### WORK INSTRUCTIONS
For this exercise, write out only the lines of the entries below from the one with "Rustic Wood Picture" up to and including the one with "Casa interior escalera", exactly as they are. Pictures stay out.

(Beginning of INPUT MATERIAL)

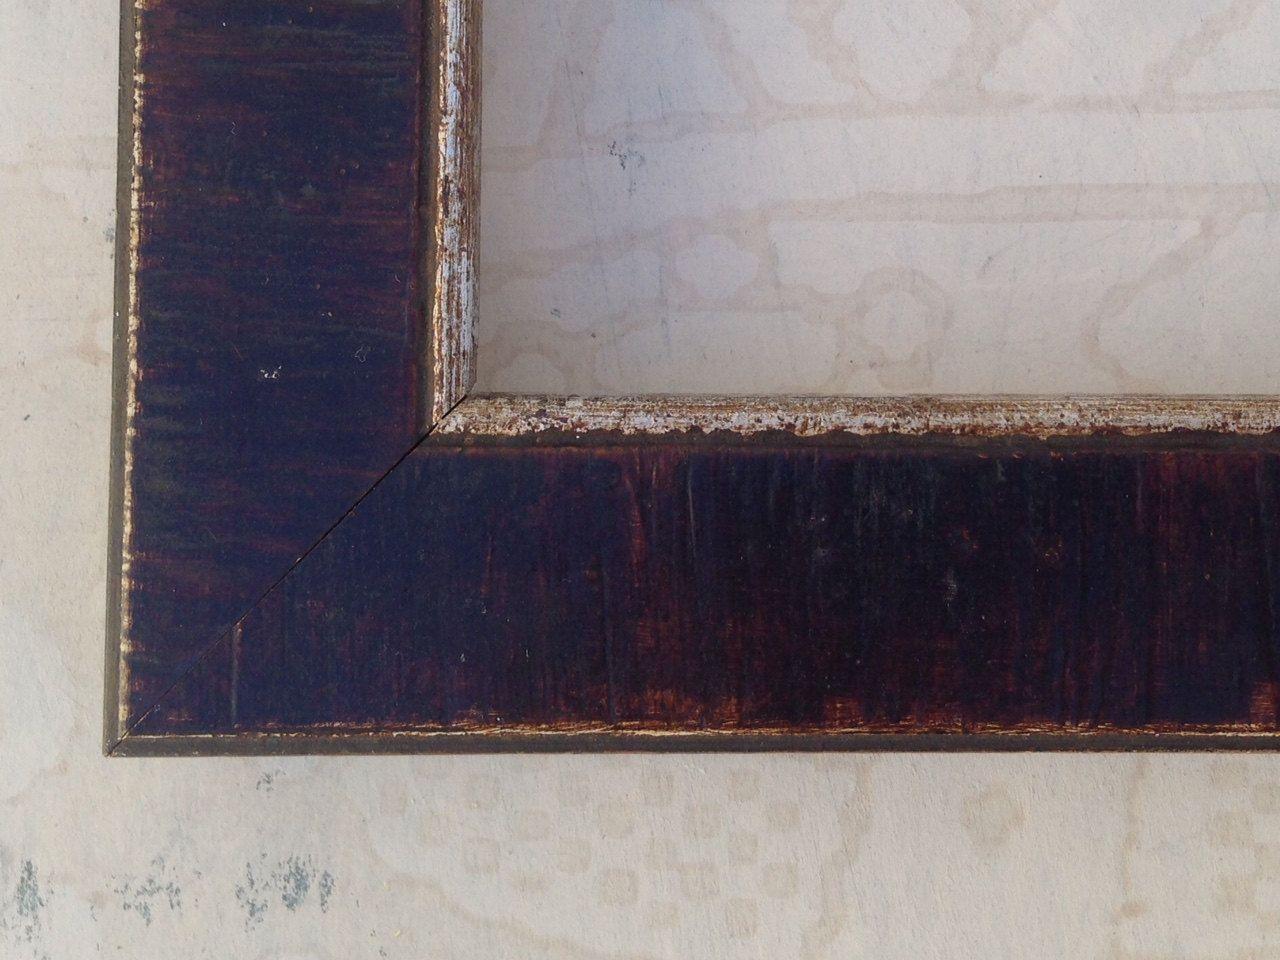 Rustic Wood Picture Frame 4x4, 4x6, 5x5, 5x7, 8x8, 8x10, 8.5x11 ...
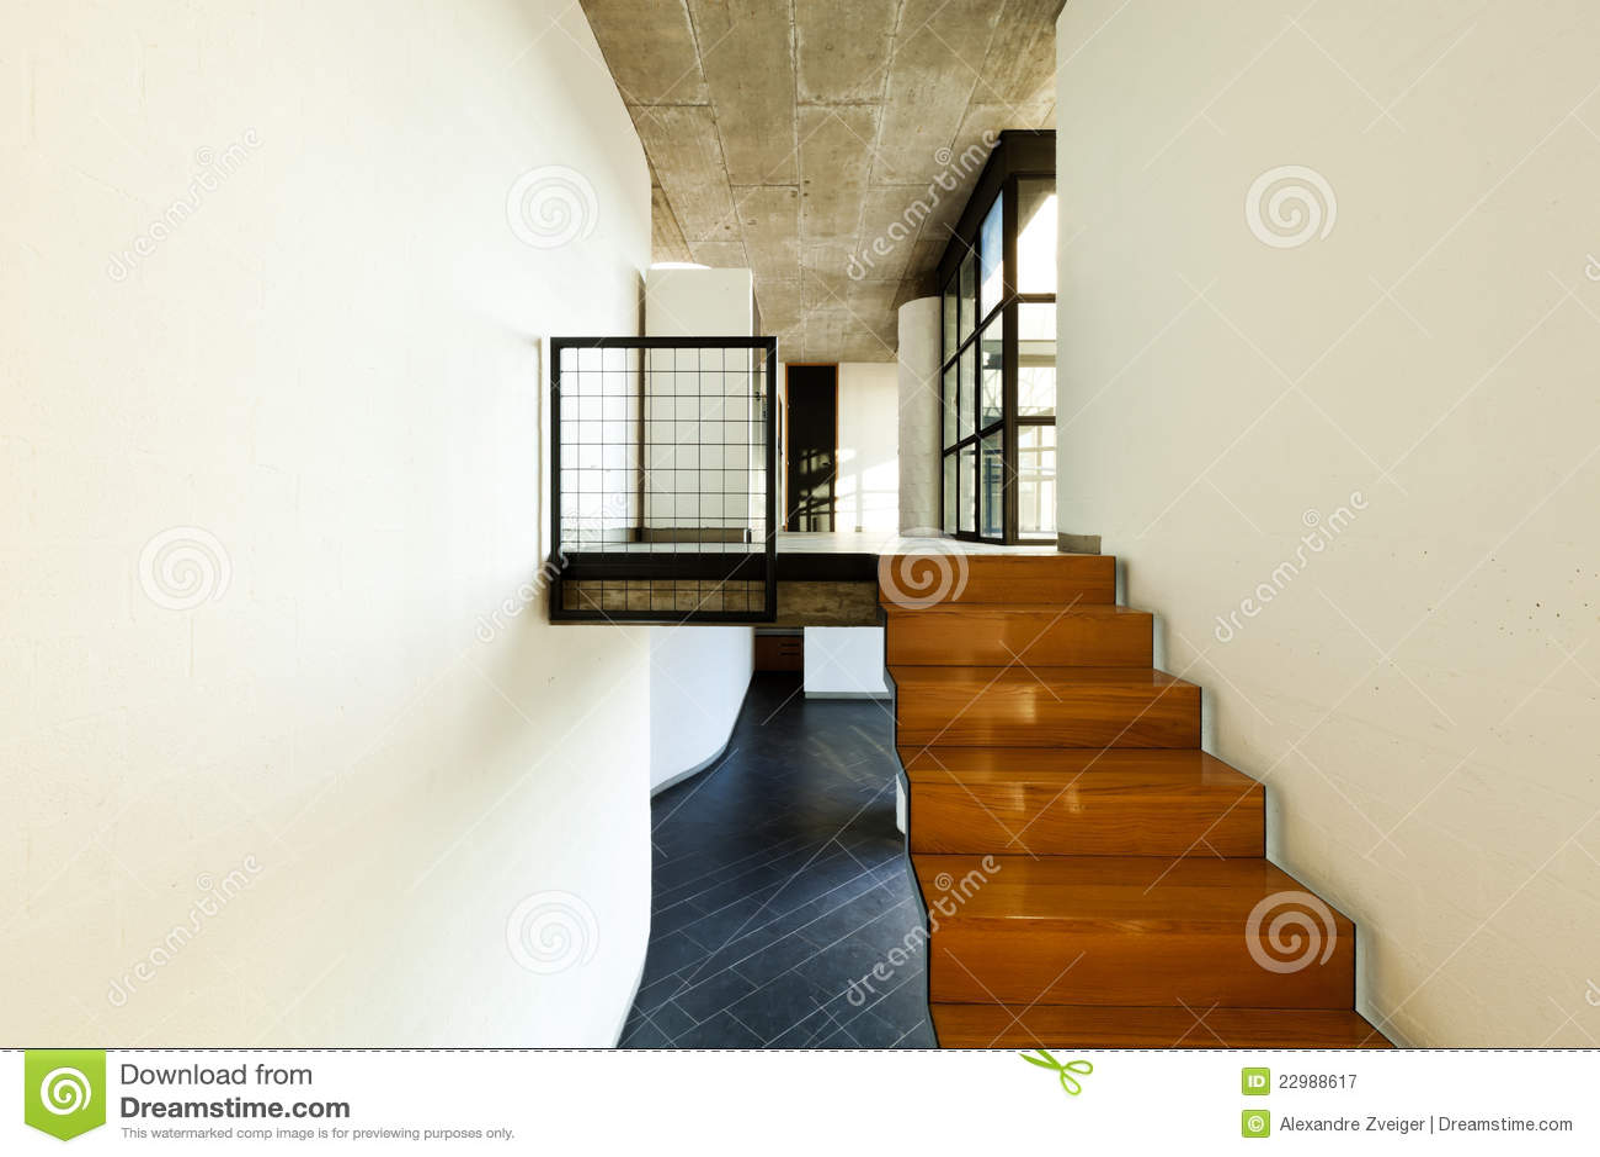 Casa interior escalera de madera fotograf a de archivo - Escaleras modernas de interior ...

(End of INPUT MATERIAL)
(Beginning of INPUT MATERIAL)

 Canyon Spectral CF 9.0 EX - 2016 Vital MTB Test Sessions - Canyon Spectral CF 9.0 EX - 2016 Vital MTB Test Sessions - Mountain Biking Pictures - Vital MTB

(End of INPUT MATERIAL)

### OUTPUT OF THE TASK
 Rustic Wood Picture Frame 4x4, 4x6, 5x5, 5x7, 8x8, 8x10, 8.5x11 ...
 Casa interior escalera de madera fotograf a de archivo - Escaleras modernas de interior ...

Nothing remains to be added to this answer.